Editorials: Blame government for voting crisis | Michael P. McDonald/USA Today

It was bad enough that some Arizona voters had to stand in line for up to five hours after the polls closed in their state’s primary election. Then it got worse: When asked who was to blame, Maricopa County Recorder Helen Purcell replied, “The voters for getting in line, maybe us for not having enough polling places.” An election official blaming voters is appalling. These people were heroes of democracy, performing their civic duty despite losing their evening to bureaucratic incompetence. The real blame lies with sweeping failures across local, state and federal governments. That includes Purcell. Her job is to run a smooth election, yet she reduced the number of polling places in Maricopa County from more than 200 in the 2012 primary to 60 this year. It’s not hard to understand how this caused longer lines. Purcell made herself an easy scapegoat, but she’s far from the only one. There are deeper problems to address if we are to fix this crisis. We chronically underfund elections. Faced with budget shortfalls, Purcell hoped to persuade more voters to use an inexpensive mail ballot. She could then reduce the number of costly polling locations without creating long lines. She should have known this was a false hope. The 2016 primaries have been generating record turnout in Republican races and higher than usual Democratic turnout as well.

Utah: San Juan County sued for violating Voting Rights Act | The Salt Lake Tribune

During the last election, Peggy Phillips would have had to drive four hours, round-trip, from her home on the Navajo reservation to the predominantly white city of Monticello to cast her vote in person. That’s because San Juan County had closed all of its polling places and switched to a mail-only voting system ahead of the 2014 general election. But Phillips never received her ballot in the mail in time. Even if she had, she isn’t comfortable voting in English and would have needed help from a translator, since there are usually words on the ballot she doesn’t understand, according to a federal lawsuit she has joined against the county for violating the Voting Rights Act.
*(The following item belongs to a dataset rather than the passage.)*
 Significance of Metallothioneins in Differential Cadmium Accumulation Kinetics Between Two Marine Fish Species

Phillips was unable to vote that year. Now, she’s one of seven people, along with the Navajo Nation Human Rights Commission, suing San Juan County for violating the 1965 Voting Rights Act, which prohibits racial discrimination in voting. Their lawsuit was filed Thursday in U.S. District Court of Utah, claiming that the new voting system “unreasonably hindered” Navajo citizens’ ability to vote on equal terms with white voters. If left unchanged, “these practices will continue to do so in the 2016 election cycle and beyond,” the lawsuit reads.
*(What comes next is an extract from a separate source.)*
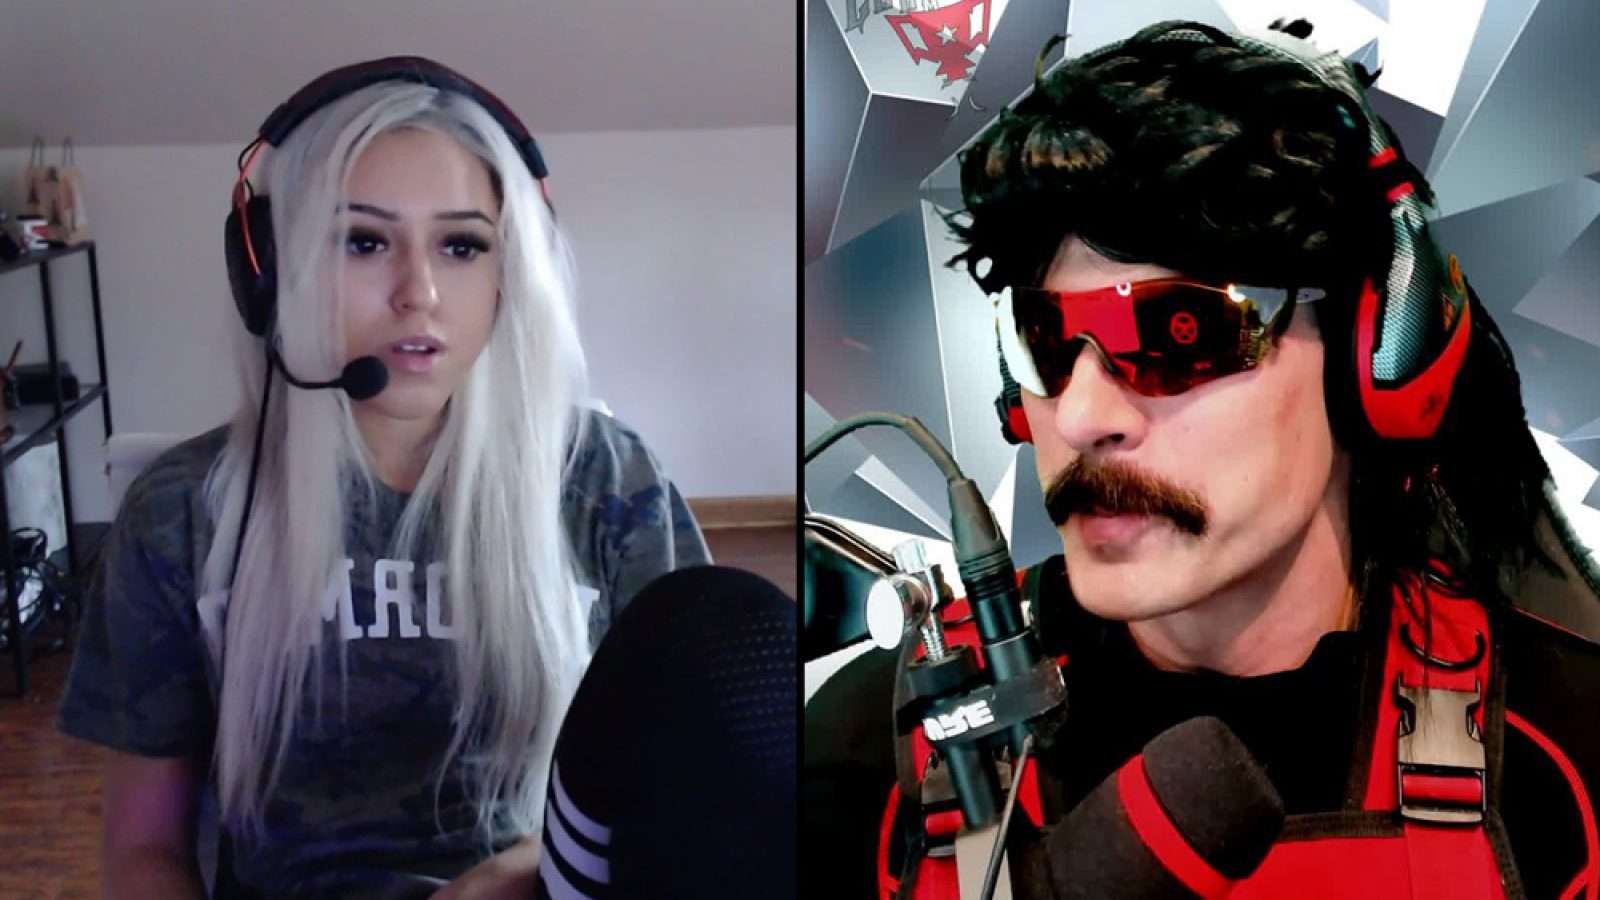 caitlyn davenport add photo who did drdisrespect cheat with

National: Selma leaders lament voting rights losses at congressional award ceremony | The Guardian

Civil rights leaders who marched from Selma, Alabama, to Montgomery in 1965 received the Congressional Gold Medal on Wednesday, the highest civilian honor awarded by the US Congress. The honor was accepted by Reverend Frederick D Reese, one of the march’s organizers. It was a triumphant, if frustrated, ceremony, as some of the same congressional leaders who awarded the medal had also failed to pass a renewed voting rights act, after the US supreme court’s recent dismantling of key legislation from 1965. “I am certainly honored to be able to stand here and look into such beautiful faces and recall how good God has been, because he is a good God,” said Reese, when he took the podium. “He brought us from nowhere to somewhere, allowed us to receive the great blessing that this great nation has to offer, and to stand here today to say, ‘Thank you!’” But not at everyone was jubilant. The award was prefaced with a press conference, which called for the restoration of the Voting Rights Act.